Lokalsport: Morgen: Sparkassen-Familienrenntag im Stadtwald
Erika Mäders Pferd Bonusdargent ist im Hauptrennen nur Außenseiter. FOTO: Lammertz, Thomas (lamm)
Galopp. Mit dem Großen Preis der Sparkasse Krefeld, einem mit 55.000 Euro dotierten Rennen der europäischen Gruppe-III steht am morgigen Sonntag einer der Höhepunkt des Krefelder Galopprennjahres an. Die Veranstaltung beginnt um 13 Uhr, der erste Start erfolgt um 13.30 Uhr, das neunte und damit letzte Rennen ist für 17.45 Uhr geplant. Von Peter Kamp

Sportlicher Höhepunkt ist der Großen Preis der Sparkasse Krefeld - Ex-Fürstenberg-Rennen. Acht Pferde werden an der Startstelle der 2.050-Meter-Distanz in die Startboxen einrücken. Der große Star dieser Prüfung ist der Derbyzweite Palace Prince, der am ersten Julisonntag in Hamburg-Horn nur am überragenden Nutan scheiterte. Palace Prince wurde damals kurzfristig für das Derby nachgenannt, was seinen Besitzer 65.000 Euro kostete. Das war aber ein guter Invest, denn inklusive Züchterprämie kassierte er nach dem Rennen insgesamt 169.000 Euro. Wie in Hamburg sitzt der französische Jockey Eddy Hardouin im Sattel von Palace Prince, der in Köln von Andreas Löwe trainiert wird. Sein schärfster Widersacher könnte der im Derby auf den fünften Platz gelaufene Rogue Runner werden. Er wird von Eddy Pedroza geritten und von Andreas Wöhler betreut. Aber auch für Lokalkolorit ist im Hauptereignis gesorgt. Erika Mäder trainiert für den russischen Besitzer Zalim Bifov den Hengst Bonusdargent. Er hatte im Derby keine Chance und tritt Sonntag als Außenseiter an. Unter den restlichen Teilnehmern könnte der Seriensieger Iquitos für eine Überraschung sorgen.

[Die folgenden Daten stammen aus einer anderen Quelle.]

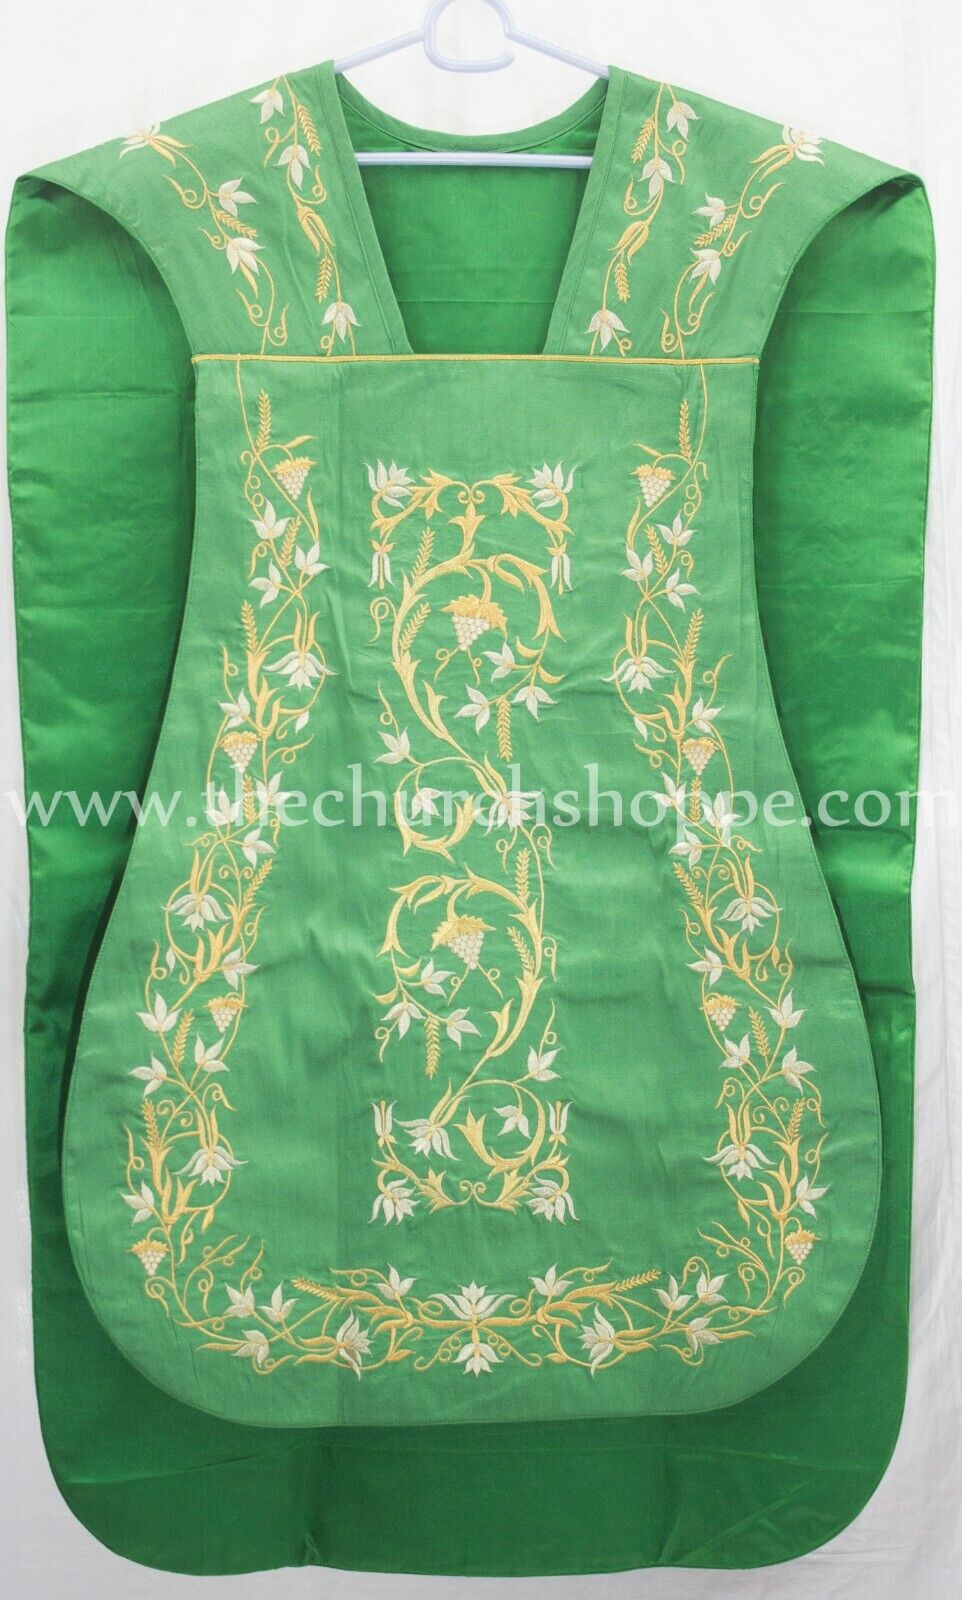 GREEN Roman Chasuble Fiddleback Vestment & 5 piece mass set IHS embroidery,FELT 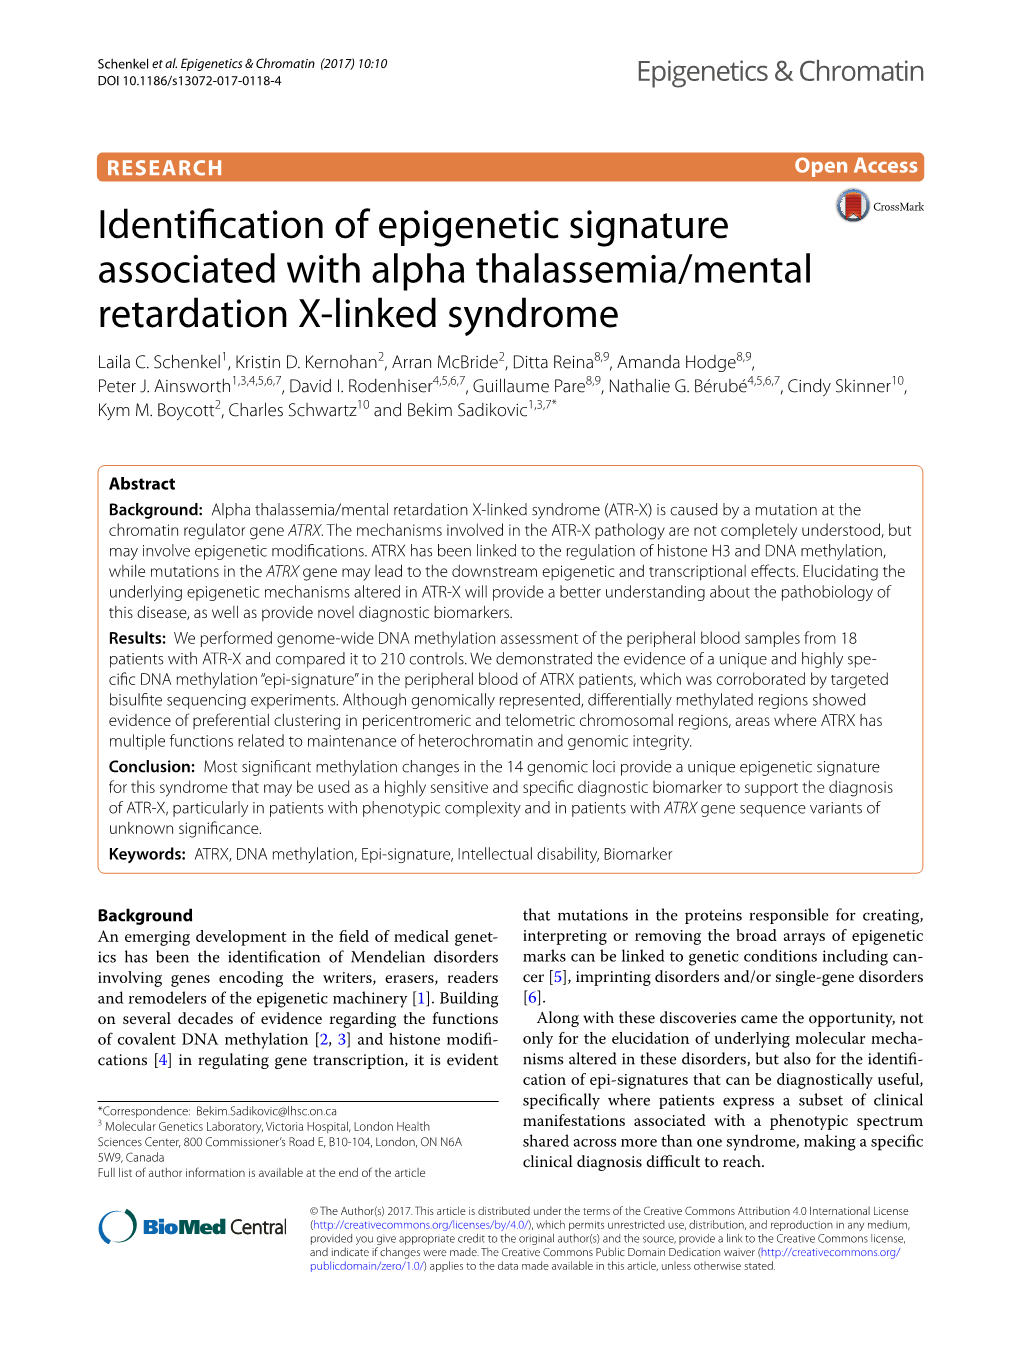 Identification of Epigenetic Signature Associated with Alpha Thalassemia/Mental Retardation X‑Linked Syndrome Laila C

Im Rahmenprogramm sind sehr viele Krefelder Pferde engagiert. Gleich im ersten Rennen bietet Mario Hofer Niyana auf. Die Stute hatte bei ihrem letzten Start in Köln einen unglücklichen Rennverlauf und steht kurz vor ihrem zweiten Lebenssieg. In ihrem Sattel sitzt Adrie de Vries. Im gleichen Rennen ist auch Hans Albert Blumes Savino mit von der Partie. Im dritten Rennen ist Mario Hofer mit Arabien Dreamer und Zantaro gleich zweifach vertreten. Beide werden in einer Außenseiterrolle stehen. Im Ausgleich III über 2.200 Meter tritt Kalahari Soldier mit Starjockey Andrasch Starke im Sattel an. Dies gibt dem Schimmel eine gute Chance auf eine vordere Platzierung.

Im fünften Rennen ist in der Viererwette eine Auszahlung von 10.000 Euro garantiert. Eine der 13 Starter ist die von Hans Albert Blume betreute Stute Shalin, die aber in dieser Saison noch keine Bäume ausreißen konnte. Im achten Rennen sattelt Mario Hofer einen interessanten Kandidaten. Spirit Danon hatte früher gute Klasse, steht nun aber mit einem verlockenden Gewicht in der untersten Handicapklasse. Filip Minarik reitet den sechsjährigen Wallach. Im neunten und gleichzeitig letzten Rennen kommt es zu einer wahren Invasion von Krefelder Galoppern. Neben den beiden Hofer Pferden Sign your Name und Princess Wu werden auch Erika Mäders Dreamworks sowie Stall Samt und Seides Stute La Facella (Trainer Axel Kleinkorres) in die Startboxen einrücken. Alle vier haben gute Chancen auf die 3.000 Euro Siegbörse, doch stellt sich dem Krefelder Quartett mit der von Peter Schiergen trainierten Dreijährigen Royal Solitaire eine noch wenig geprüfte Dreijährige in den Weg. Es wird sicher eine spannende Auseinandersetzung zum Abschluss eines herausragenden Krefelder Renntages werden.